The output $\textbf{Z}\in \mathbb {R}^{(K+1)\times d_v}$ in self-attention mechanism is the aggregation of value matrix $\textbf{V}$ by attention weights, i.e.,

$$\begin{aligned} \begin{aligned} \textbf{Z}=\textrm{softmax}\left( \frac{\textbf{Q}\textbf{K}^T + \textbf{A}}{\sqrt{d_s}}\right) \textbf{V}, \end{aligned} \end{aligned}$$

(6)

where the attention weights are obtained by applying softmax normalization to (4).

The modified self-attention is further incorporated into the multi-head mechanism, where the self-attention is performed H times in parallel. The outputs of each self-attention are concatenated and once again projected, resulting in the final output of multi-head self-attention sub-layer

$$\begin{aligned} \begin{aligned} \textbf{Z}_{M}=\textrm{cat}\left( \textbf{Z}_1,...,\textbf{Z}_H\right) \textbf{W}_M, \end{aligned} \end{aligned}$$

(7)

where matrix $\textbf{W}_M\in \mathbb {R}^{Hd_v\times d_g}$ denotes learnable project matrix.

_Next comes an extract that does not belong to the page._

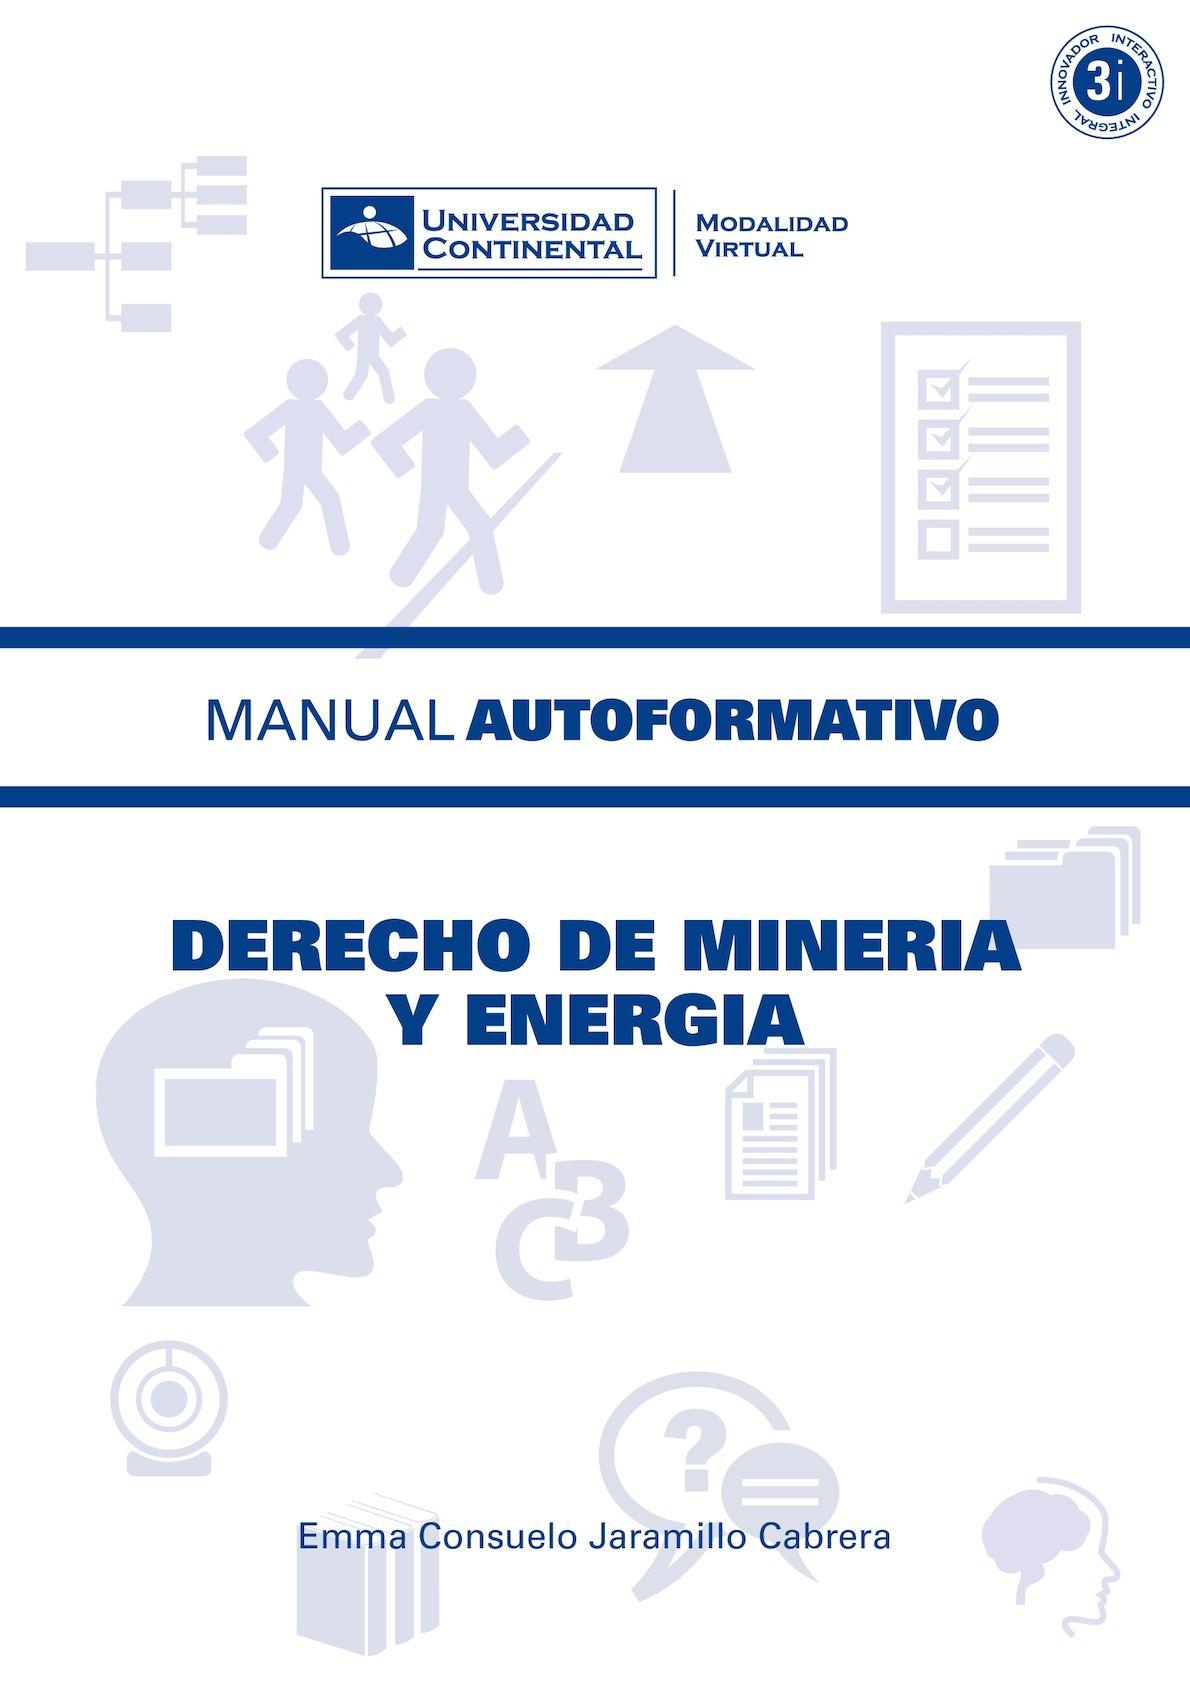 A0110 MA Derecho De Mineria Y Energia ED1 V1 2015
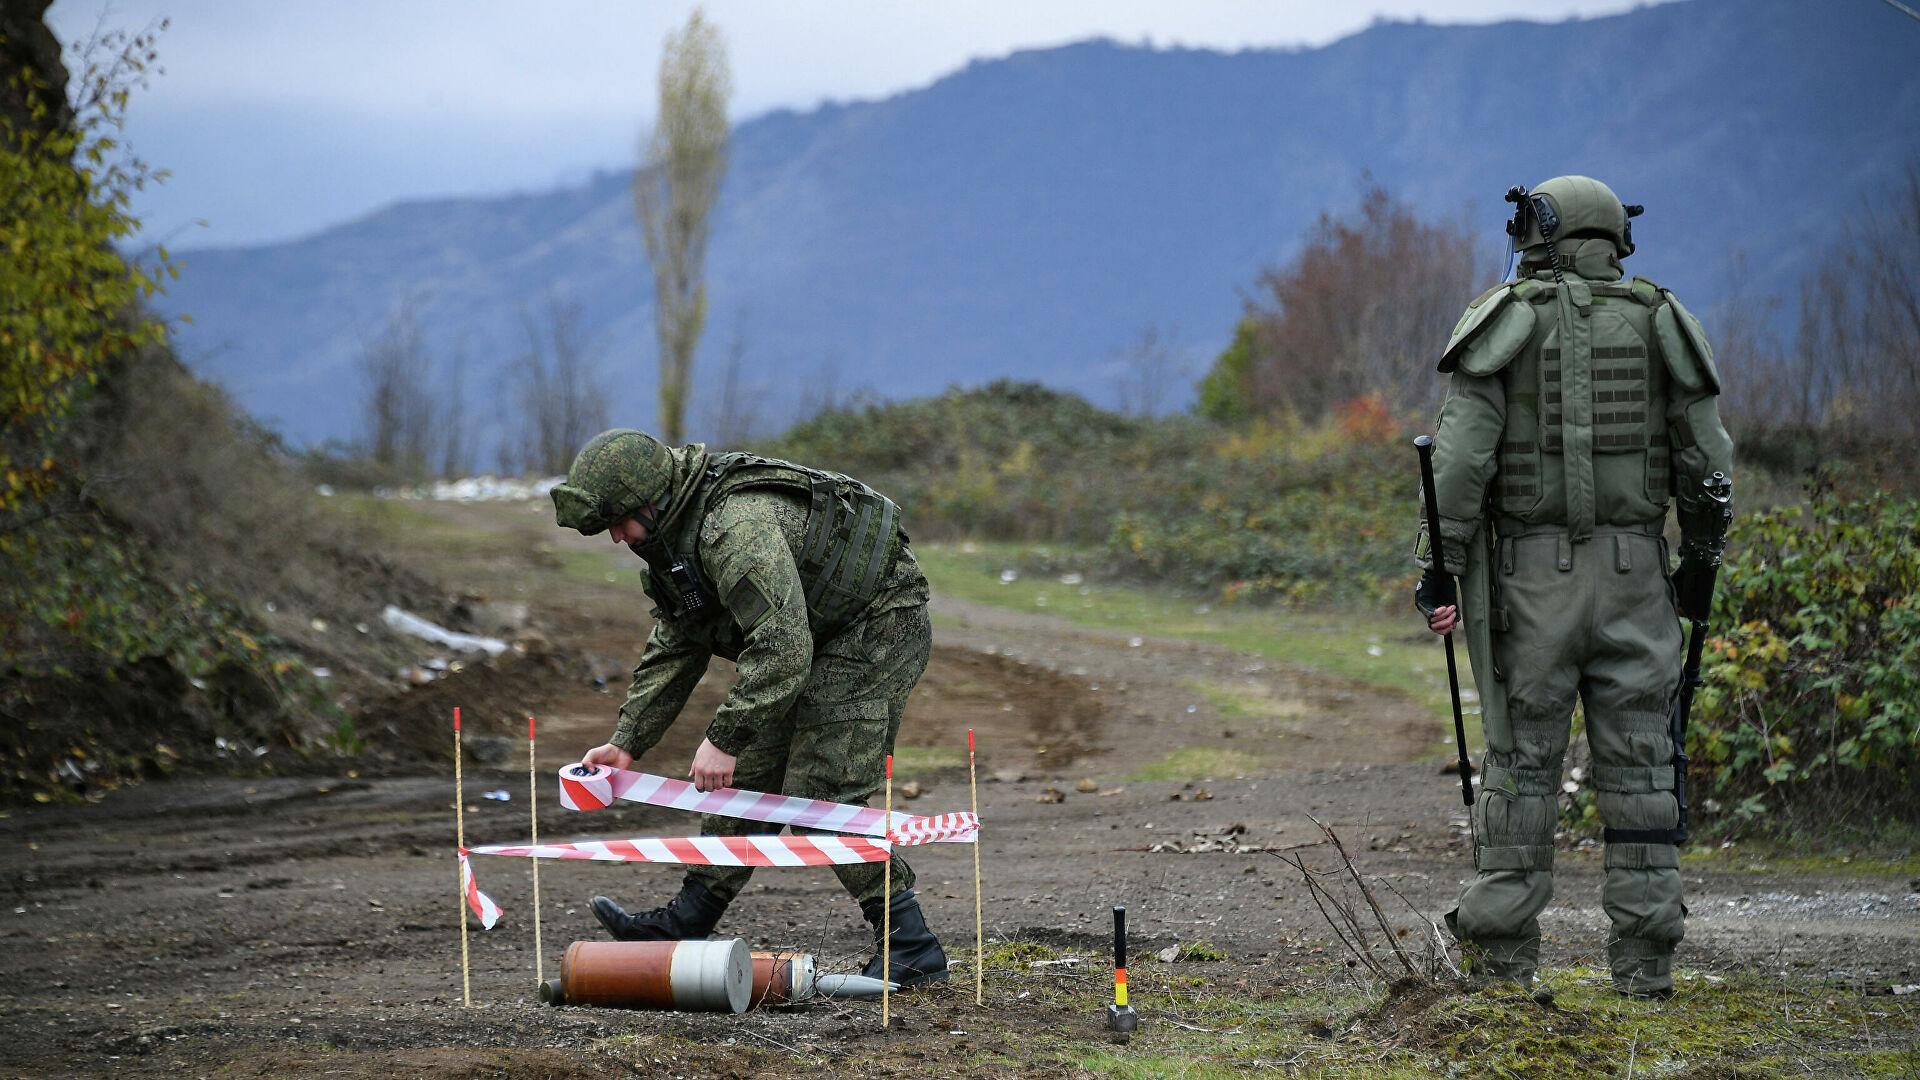 ԼՂ-ում ռուսական խաղաղապահ ուժերի ինժեներական ստորաբաժանումների կողմից ականազերծվել է 238 հեկտար տարածք․ ՌԴ ՊՆ

During the training stage, the whole linkage prediction module is trained by cross-entropy loss

$$\begin{aligned} \begin{aligned} \mathcal {L}=-\sum _{k=0}^K\textrm{log}(\hat{y}_{k_1}^i), \end{aligned} \end{aligned}$$

(8)

where $\hat{y}_{k_1}^i$ denotes the output probability, i.e., linkage likelihood, of whether the ith pivot and its corresponding kth neighbor belong to the same class.

2.2 Label Propagation with Anomaly Suppression

As all the pivot nodes are involved in linkage prediction module, a set of pivot-neighbor pairs $\mathcal {E}=\{\textbf{e}_j\}_{j=1,...,NK}$ will be obtained along with the corresponding linkage likelihood set $\mathcal {P}=\{p_j\}_{j=1,...,NK}$. The goal of the label propagation module is to assign pseudo label $y_i$ to every face image $\textbf{x}_i$ with the help of quality score set.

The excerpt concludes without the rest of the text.